Deja Botnia y será sacerdote
El licenciado Guzmán Solari Buera, de 27 años, jefe de Comunicaciones de Botnia en Fray Bentos, renunciará mañana a la empresa finlandesa.
Ha decidido ser sacerdote jesuita y fue aceptado en la Compañía de Jesús, para lo cual debe viajar a Córdoba a cursar estudios durante los próximos años.
Solari cuenta su experiencia en la empresa Botnia a la que ingresó en marzo del año 2006, a partir de lo cual maduró la idea de su vocación religiosa.
«Desde hace dos años trabajo en Botnia. Fue mi trabajo y vivir aquí ha sido una experiencia única, no solo en el tema comunicación en Botnia, sino una experiencia de vida. Fue un proceso de crecimiento personal, acostumbrarme a las formas y hábitos valorando muchísimo lo que es vivir en una ciudad del interior».
«Me fui metiendo en la comunidad, que es más grande de lo que uno piensa, tiene una diversidad grande, una historia muy rica, muchos barrios, y fue una oportunidad de irme metiendo tímidamente en el poco tiempo que estuve».
Solari cuenta que el proceso de descubrir su vocación «fue largo, de años de vida, de reflexionar mucho, para ir decantando las diferentes oportunidades de la vida. Dejo un trabajo que me encanta, en una comunidad en donde me podría quedar toda la vida».

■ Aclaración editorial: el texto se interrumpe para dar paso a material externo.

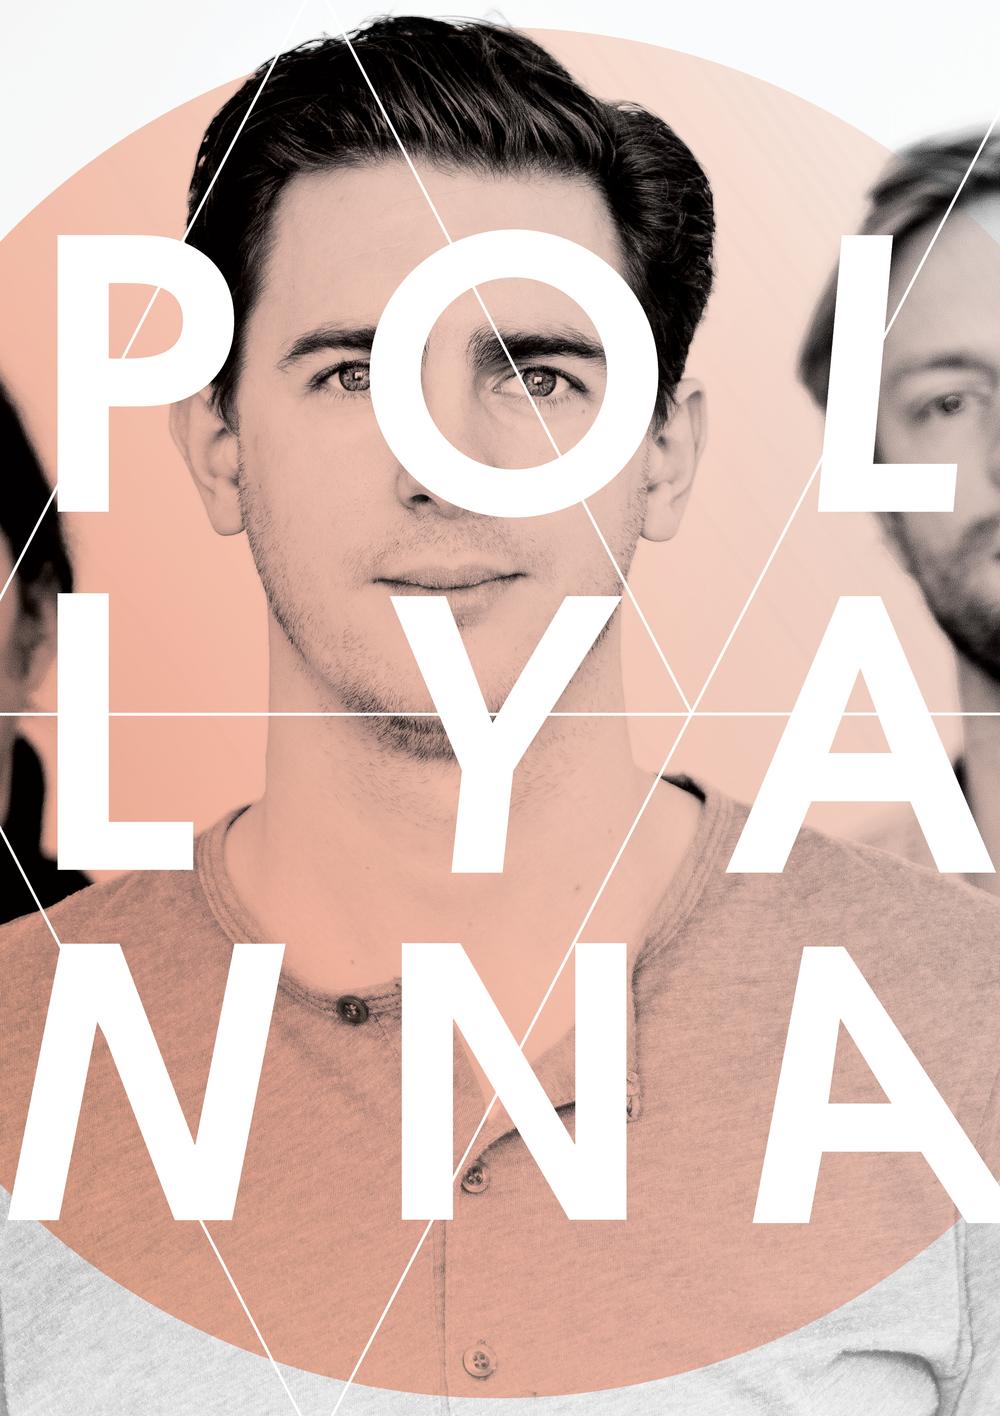 Pollyanna albumcover | fotografie

Consultado sobre la decisión de dejar su carrera profesional, su familia, sus amigos, la comunidad que lo ha acogido, sus afectos para consagrarse a Dios y que para el común de la gente esta decisión no es entendida, explica, «le pasa a todos, tengo mi vida personal, familiar, pero no me voy de Fray Bentos ni de Botnia frustrado, o triste, no, al contrario, me voy conforme, pero veo que hay otro proyecto que me seduce más, que me gusta más y que me hace más feliz».
Sobre su vocación ya definida dijo que «es un proceso importante; tengo la convicción y seguridad de que Dios tiene un sueño para cada uno de nosotros, de felicidad, de plenitud y de mucha alegría, y siento de verdad que ese sueño en mi vida personal es la entrega en mi vocación de jesuita».
«Lo he discernido durante este tiempo, porque es un proceso de búsqueda, de entrega a Dios, de sentir que es un llamado.
La vocación es un llamado, y siento que el llamado va por ese lado porque es el lugar en donde voy a poder amar más», afirmó. «La vida tiene sentido en la medida que tengamos una gran capacidad de amar, de entregarnos y de que eso nos de felicidad y desde ahí puedo ser feliz amando y entregando mi vida».
«EL PROYECTO ES BUENO»
«La invitación a vivir desde la fe es una invitación a vivir desde los valores, desde la entrega, desde el servicio a los hermanos más humildes».
Solari le agradece a la comunidad fraybentina por haberlo recibido como recibió el proyecto de Botnia. «Vivo esto con mucha felicidad».
Estudiará filosofía seguramente en Buenos Aires durante unos cuatro años; luego volverá al país para temas más de pastoral, de acompañamiento espiritual, retiros, ejercicios, trabajar con jóvenes. Luego le esperan otros cuatro años de estudios de Teología en la Universidad de Chile y luego en Europa (Roma o España). En total, «son diez o doce años, que parecen muchísimos pero cuando uno quiere lo tiene que hacer». «Es una renuncia no sólo al trabajo sino a la familia, a los afectos, a sus amigos, pero cuando uno sueña algo en la vida y tiene un deseo hondo y viene de Dios, uno tiene que tirarse al agua con toda la tranquilidad, que Dios sostiene la vocación de cada uno, ya sea en la vocación de casado, en la vocación de hijos, consagración, servicio especial a los pobres o consagración sacerdotal».
El noviciado en Córdoba, le implica algunos años de probar y «discernir si ese es el lugar en donde Dios me quiere».
Sobre la controversia entre dos países hermanos, opina que es difícil esta situación de conflicto y «a titulo personal, es algo complejo que desborda a los gobiernos y a dos pueblos hermanos como Fray Bentos y Gualeguaychú. Con mucho dolor lo digo, los dos pueblos creo que quieren hermanarse y están distanciados; tengo mucha confianza en el arranque de la planta, el abrir las puertas como lo hemos hecho para demostrar cómo estamos trabajando.
También lo que pasa desde el punto de vista ambiental va a dar otra realidad y demostrar que los miedos, que son naturales ante la falta de información que algunos tienen, desaparecen cuando se demuestra que el proyecto es bueno».